Notably, SAS tokens lack expiration dates, making them ill-suited for sharing critical data externally. In a security advisory on September 7, Microsoft underscored that "Attackers may create a high-privileged SAS token with long expiry to preserve valid credentials for a long period."

It's worth emphasizing that no customer data was compromised, and there was no threat to other Microsoft services stemming from the AI dataset exposure. This incident isn't unique to Microsoft's AI endeavors; any large-scale open-source dataset could potentially face similar risks. Wiz, in its blog post, highlighted that "Researchers collect and share massive amounts of external and internal data to construct the required training information for their AI models. This poses inherent security risks tied to high-scale data sharing."

To prevent similar incidents, organizations are advised to caution employees against oversharing data. In this instance, the Microsoft researchers could have safeguarded the public AI dataset by relocating it to a dedicated storage account. Additionally, vigilance against supply chain attacks is crucial. These attacks may occur if malicious code is injected into files that are accessible to the public due to improper permissions.

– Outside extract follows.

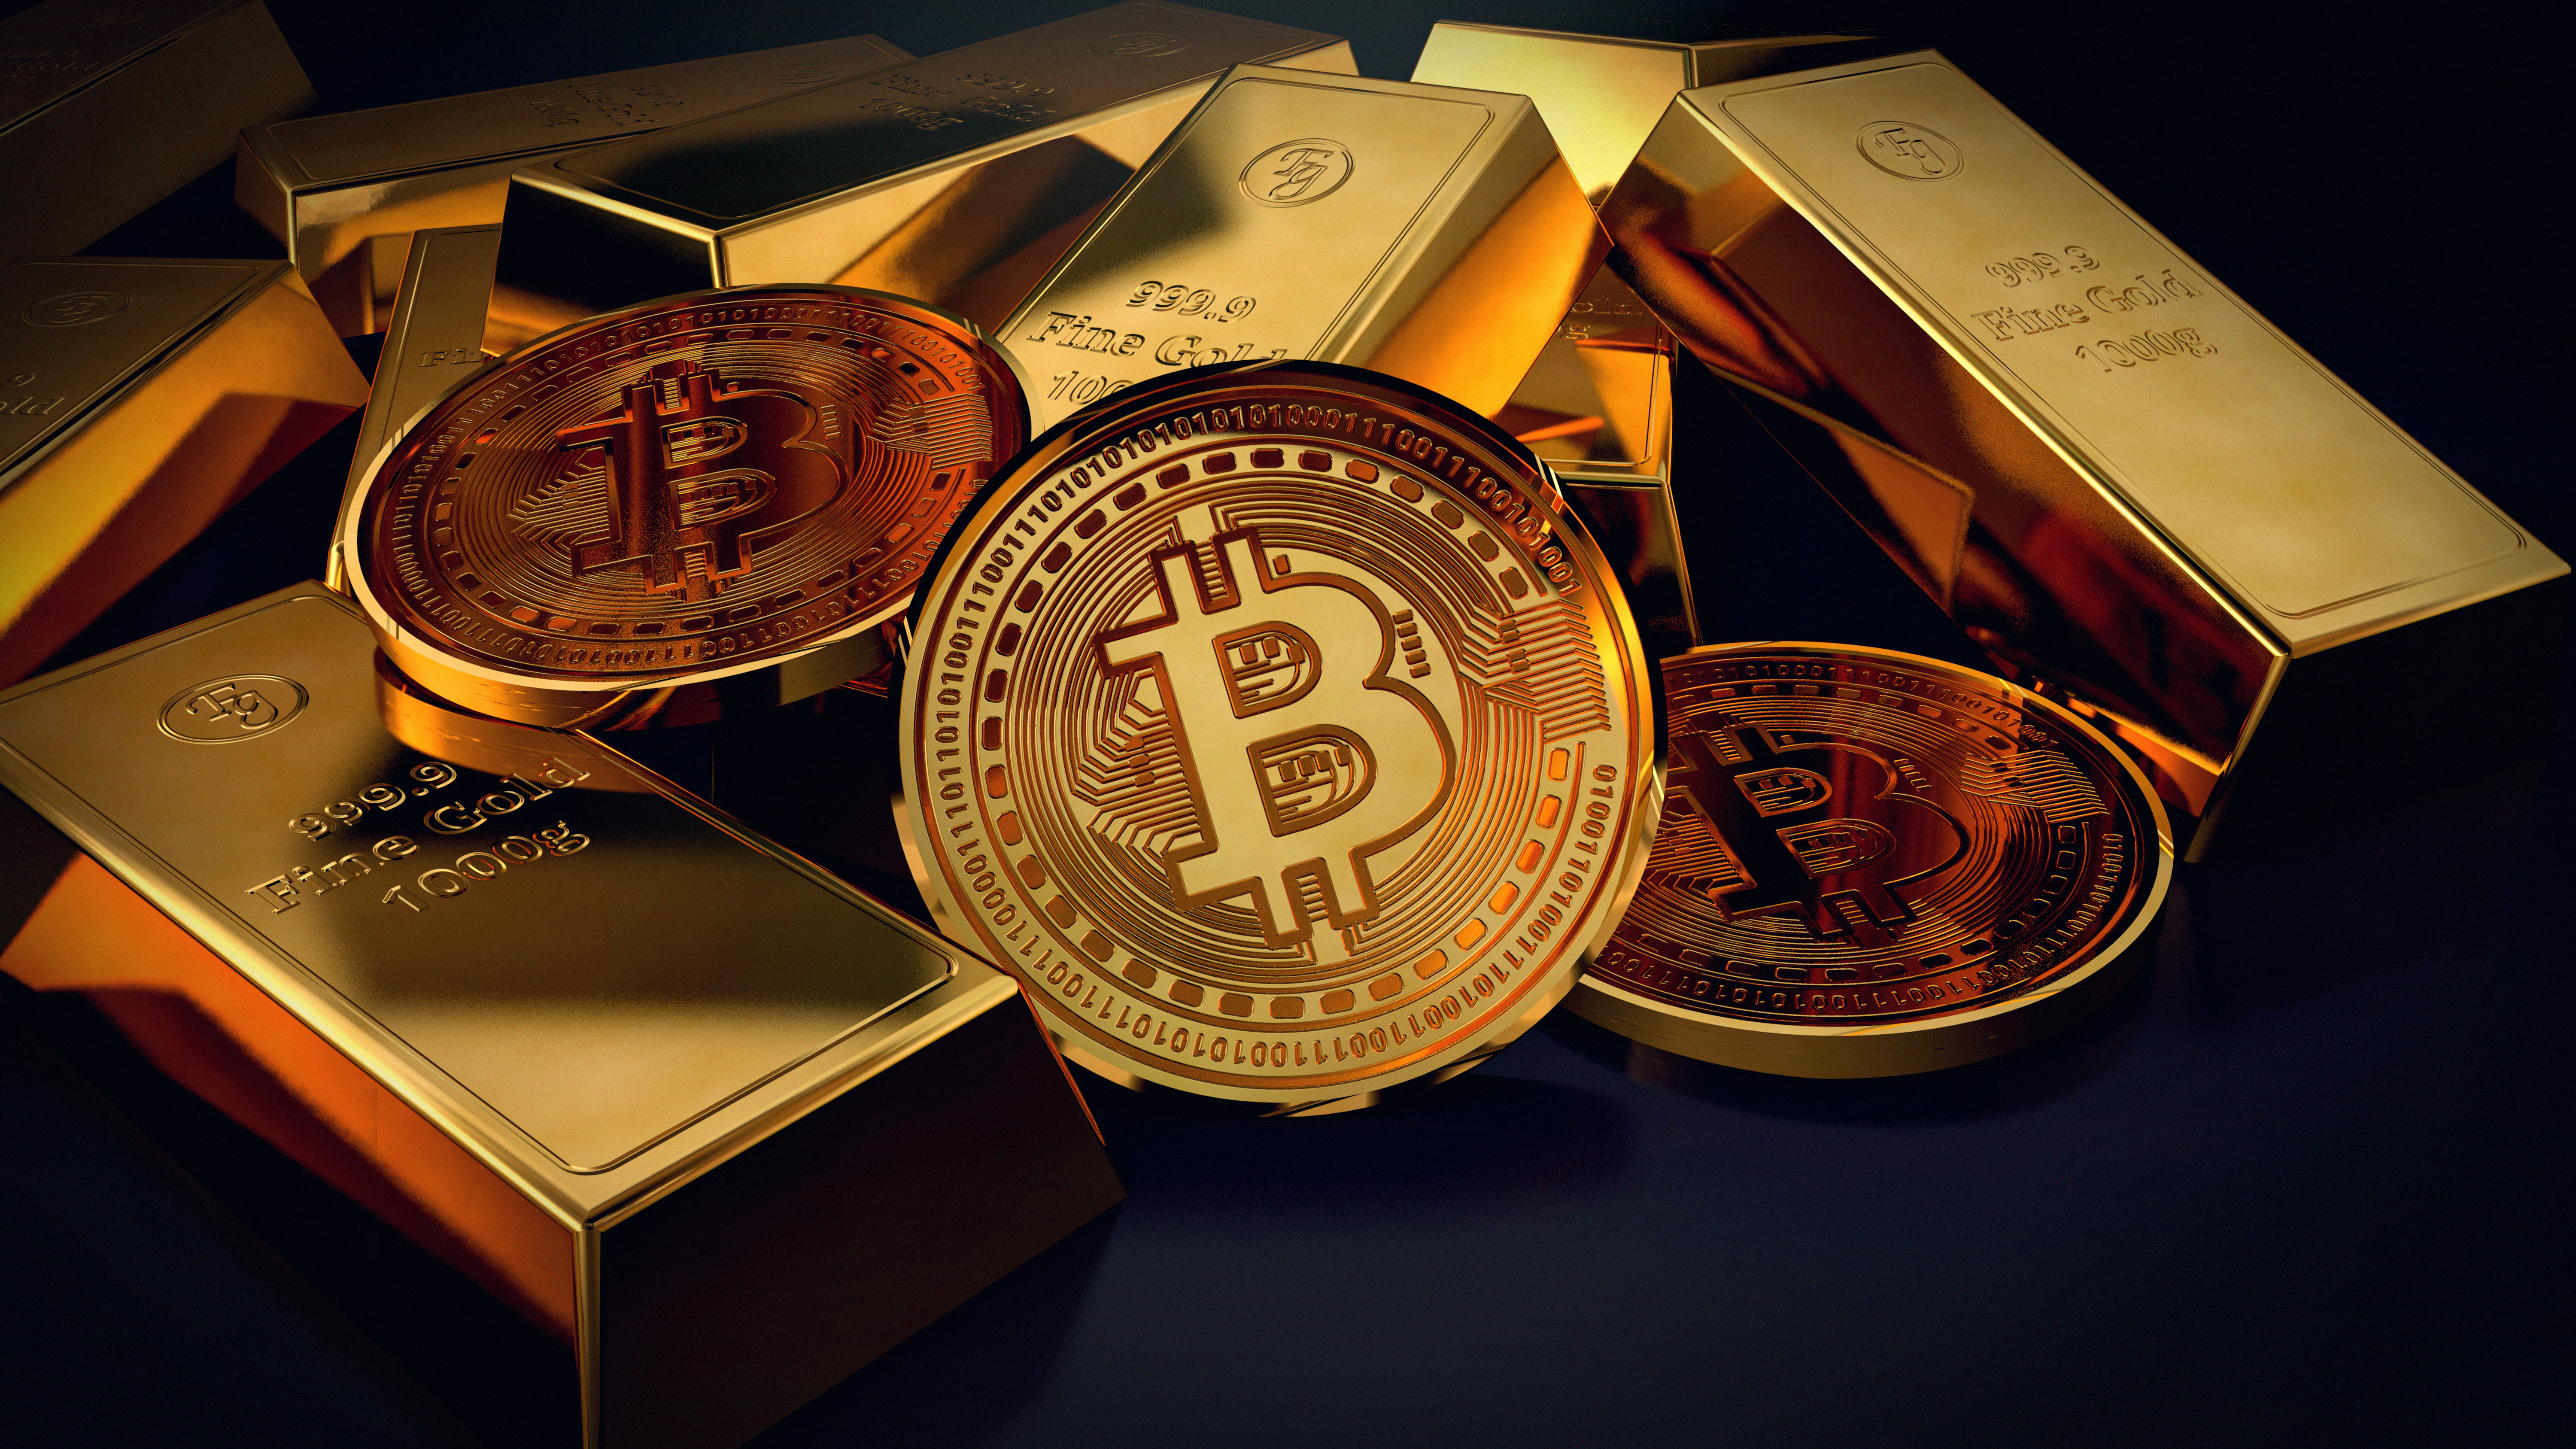 Một số đồng xu đại diện cho mã thông báo Bitcoin được xếp thành một đống, trộn lẫn với các thanh vàng.

"As we see wider adoption of AI models within companies, it’s important to raise awareness of relevant security risks at every step of the AI development process, and make sure the security team works closely with the data science and research teams to ensure proper guardrails are defined,” the Wiz team wrote in their blog post.

Ami Luttwak, CTO and cofounder of Wiz, released the following statement to TechRepublic: “As AI adoption increases, so does data sharing. AI is built on collecting and sharing lots of large models and quantities of data, and so what happens is you get high volumes of information flowing between teams. This incident reveals the importance of sharing data in a secure manner. Wiz also recommends security teams gain more visibility into the process of AI research, and work closely with their development counterparts to address risks early and set guardrails.”